Addressing conservative voters, writing tom mactag onthe Atlantic, Truss and Sunak must persuade them to represent change in order to restore strength and prestige to the country, but at the same time be able to embrace the party’s traditional values ​​in as authentic a way as possible. The result, according to various analyses, is an election campaign that is quite poor in content, with identity propositions, at times extreme, and unsuitable for solving the country’s problems.

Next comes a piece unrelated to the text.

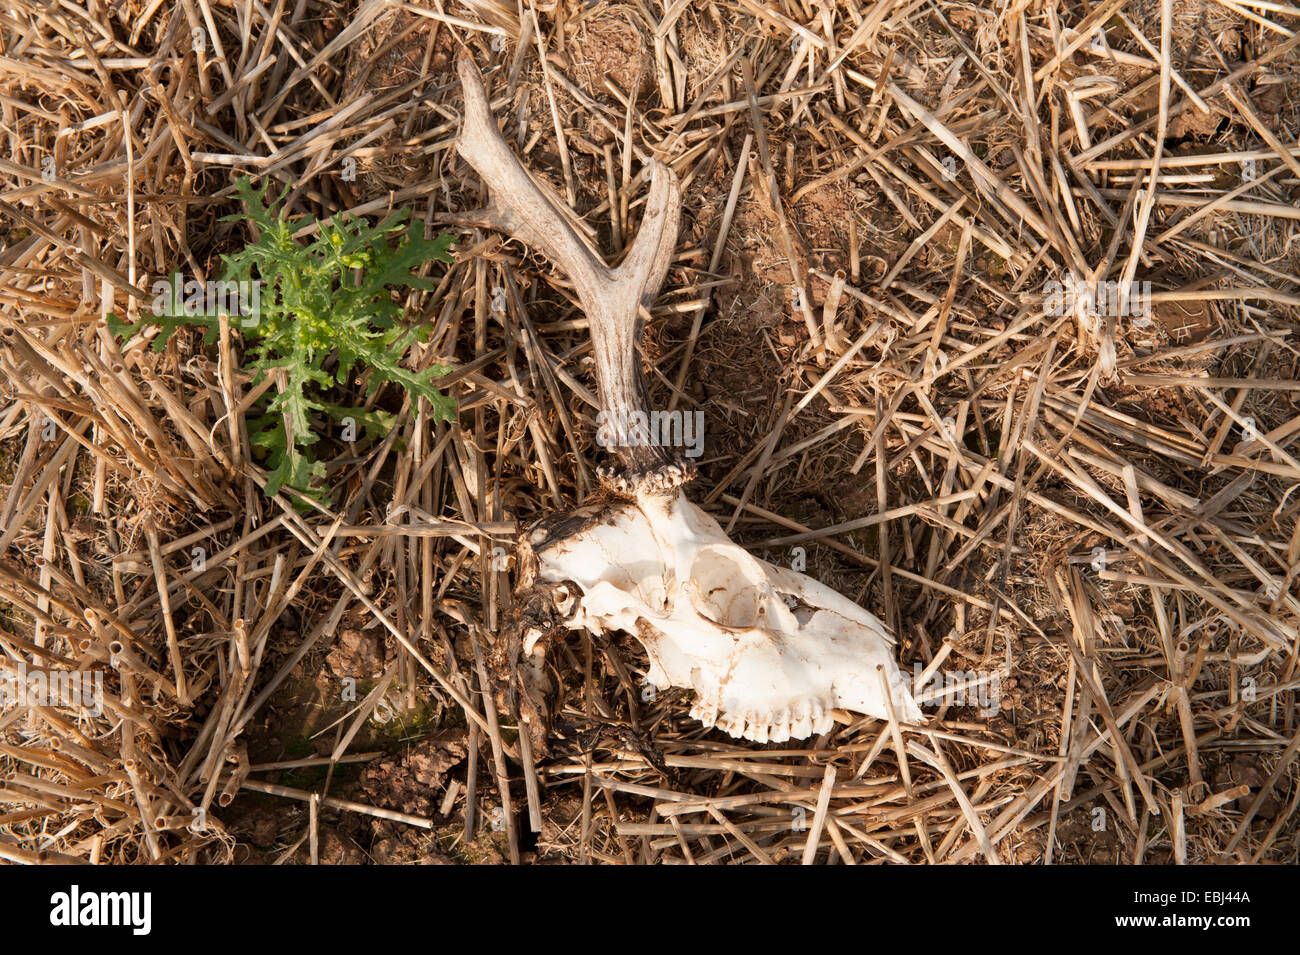 The Skull of a Deer with Antlers Lying in a Field on a Farm near Stratford upon Avon, WArwickshire, England, UK Stock Photo

The truce is placing great emphasis on tax cuts, a very popular topic among the so-called Tories, British Conservatives. Some British newspapers have even coined a term to describe their proposals on economic policy: trussonomics,

The Truss has proposed tax cuts of around £30 billion annually. Among other things, it proposed to cancel the 1.25 per cent increase in contribution introduced last year april Tax increases for corporate profits which are expected to start next year, along with more funding for the NHS and some social services. Truss also proposed, but then be deniedMajor cuts in salaries of certain categories of public servants.

His proposals on tax cuts are so aggressive that many newspapers have compared him to Prime Minister Margaret Thatcher from 1979 to 1990: his policies of neoliberal conservatism, including privatization and tax cuts, aimed at reducing the role of the state in economic life. Reducing as much of the country’s public services as possible often has dire consequences.

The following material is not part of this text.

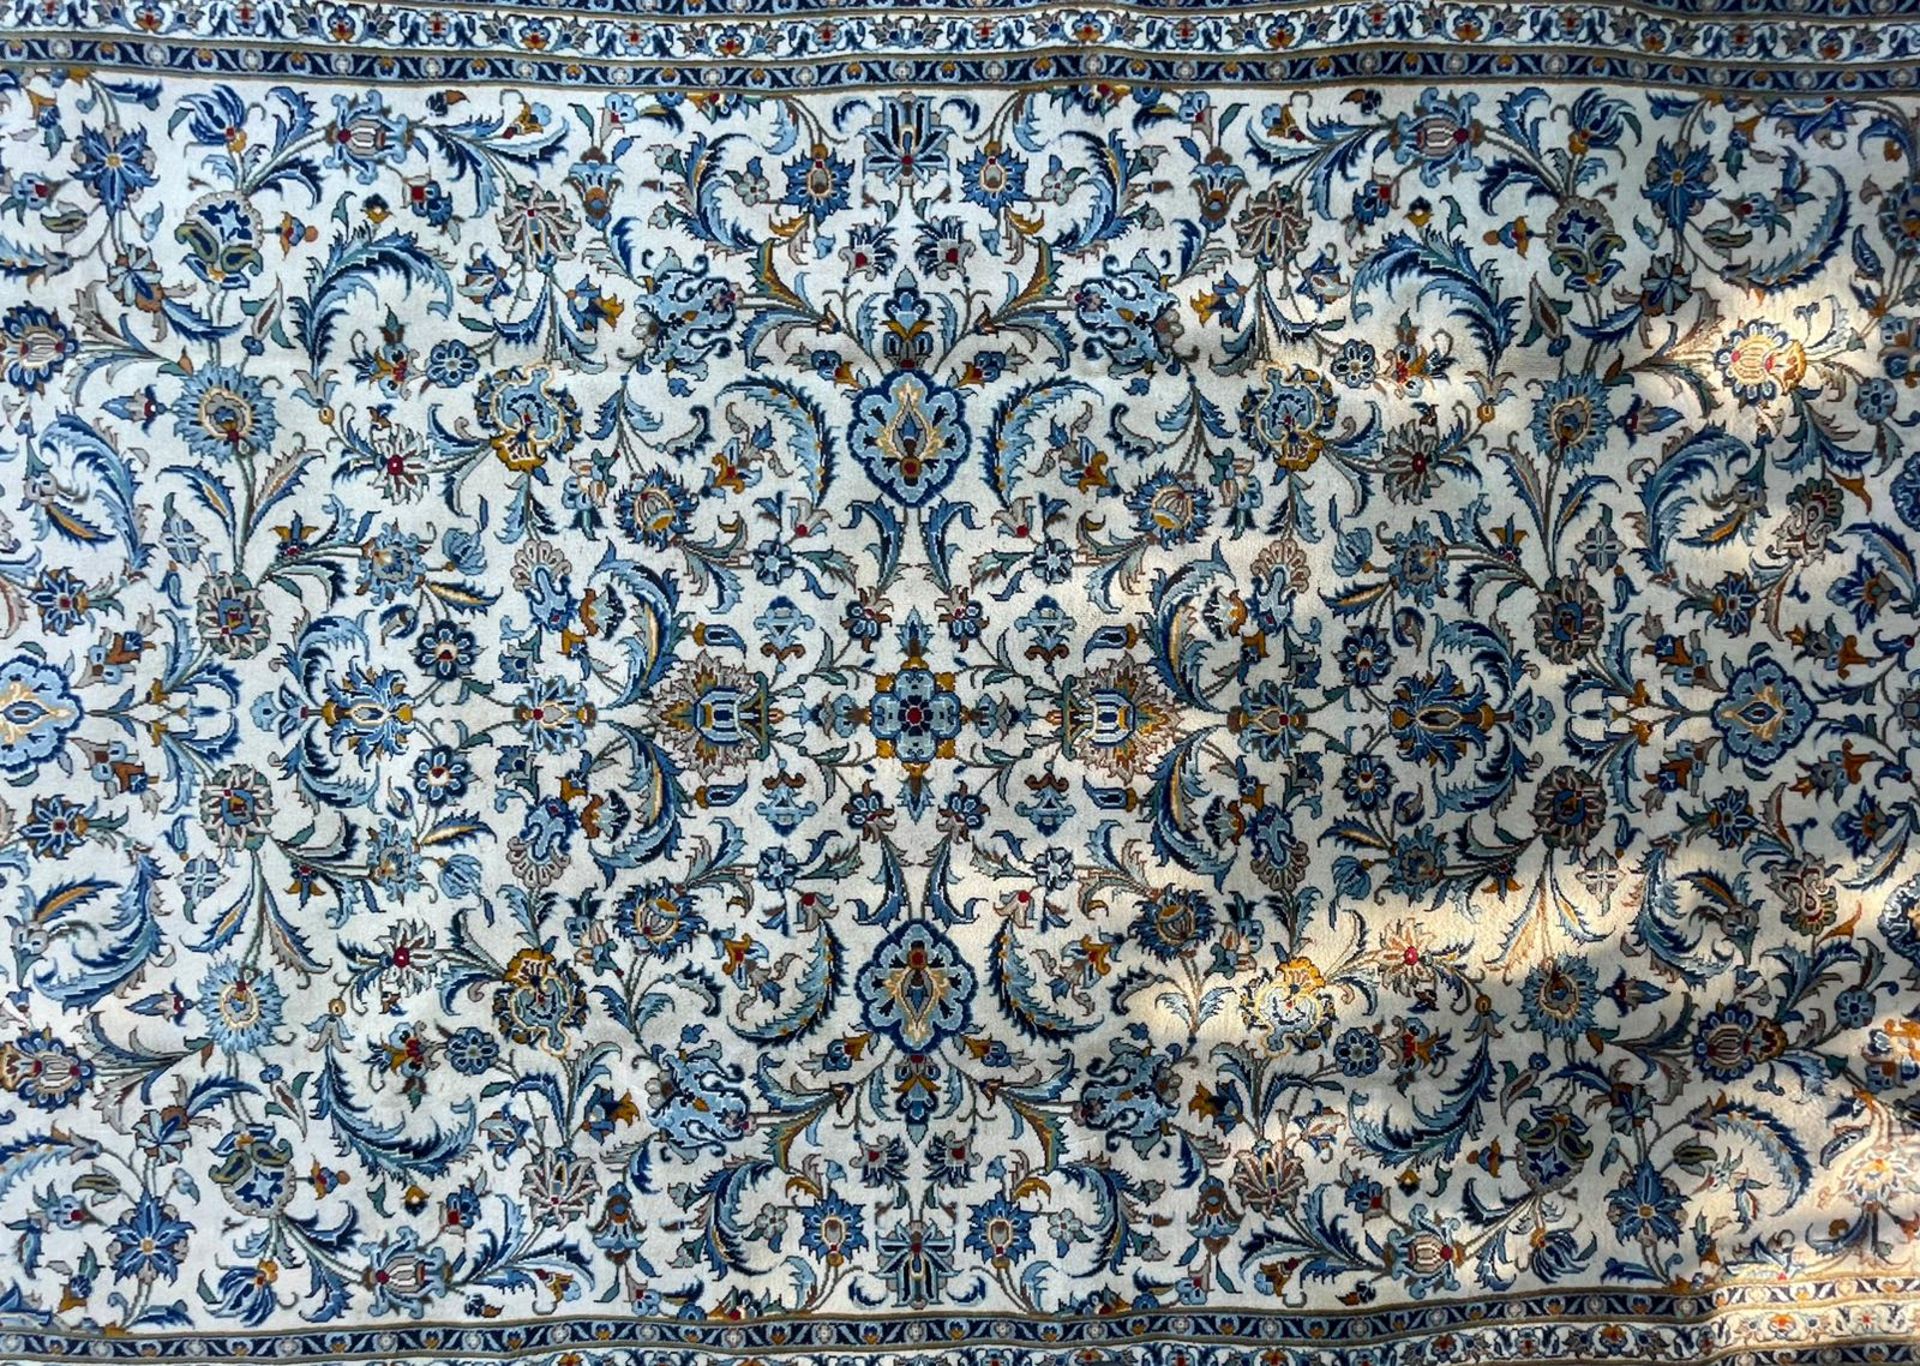 EARLY 20TH CENTURY CENTRAL PERSIAN KASHAN FLOOR CARPET RUG - Image 2 of 6

According to some commentators, if implemented, the economic policies proposed by the truss would risk having the same effect: cutbacks from the cuts, according to the Resolve Foundation, a British study center that deals with people on middle and small incomes. Only 15 percent of earnings. The taxes proposed by the truss would benefit the poorest section of the population. other, including some of Thatcher’s former government aidesThe belief is that without implementing such large tax cuts in times of high inflation, along with cuts in public spending, the country’s economy risks further damage.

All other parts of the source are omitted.